ABOUT THIS EXERCISE: Give the lines again exactly as they appear below, from the line with "European Organisation of" to the line with "The Astoria Bridge", both included, and only those lines. Leave every picture out.

DATA SUPPLIED:

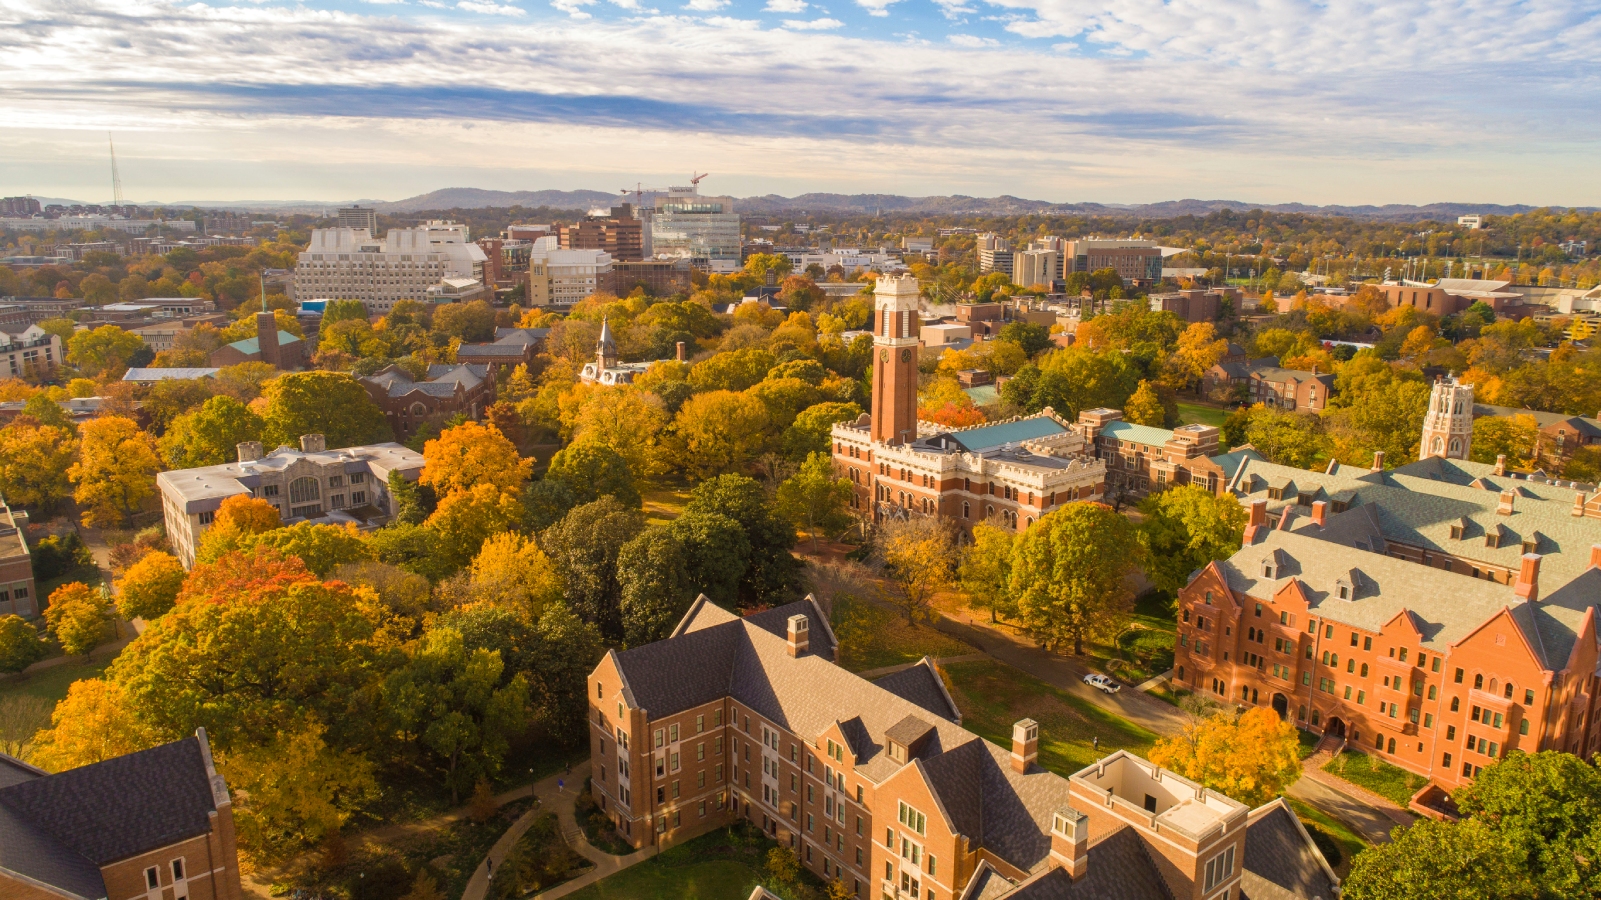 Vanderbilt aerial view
--
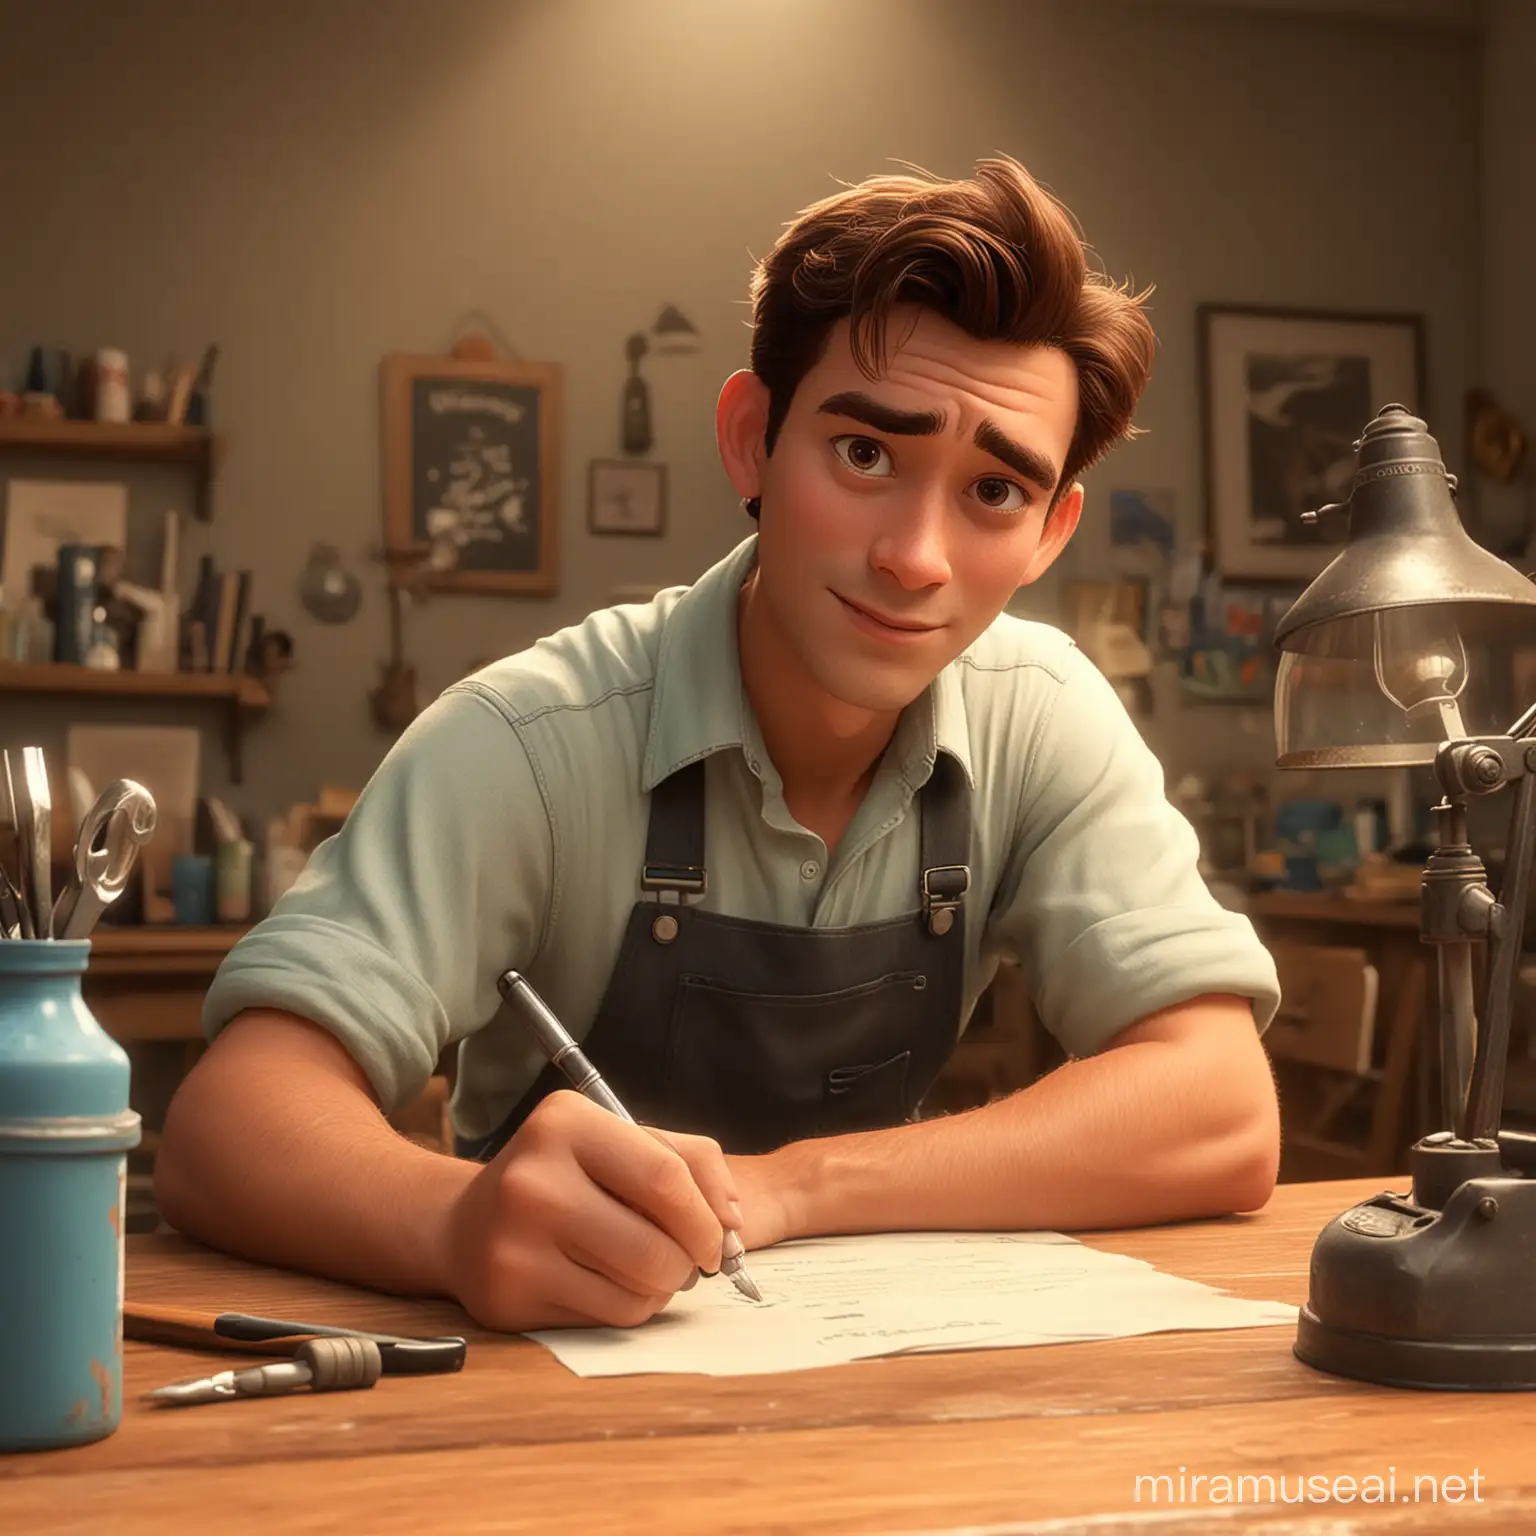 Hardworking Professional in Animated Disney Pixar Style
--
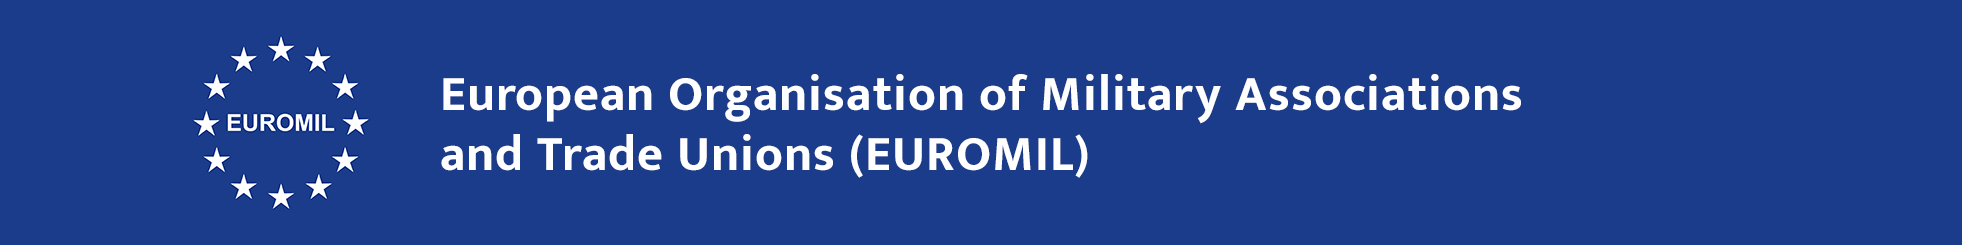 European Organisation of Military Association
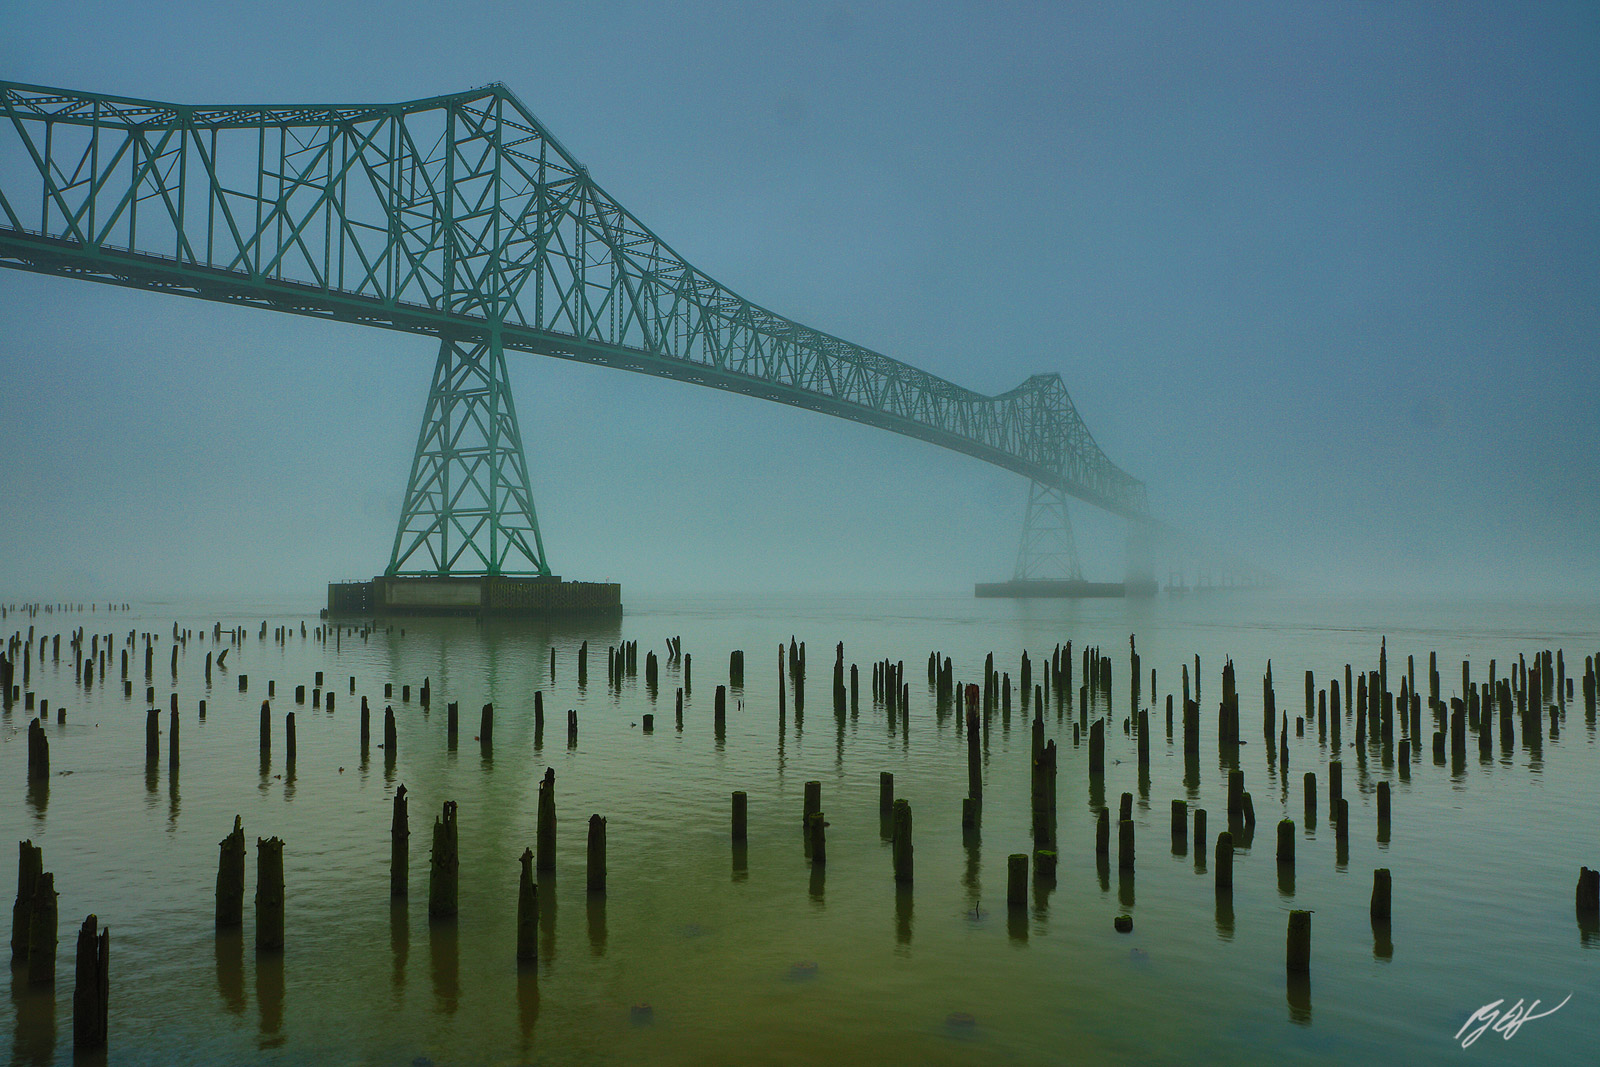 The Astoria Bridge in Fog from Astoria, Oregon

RESPONSE TO THIS TASK:
 European Organisation of Military Association
 The Astoria Bridge in Fog from Astoria, Oregon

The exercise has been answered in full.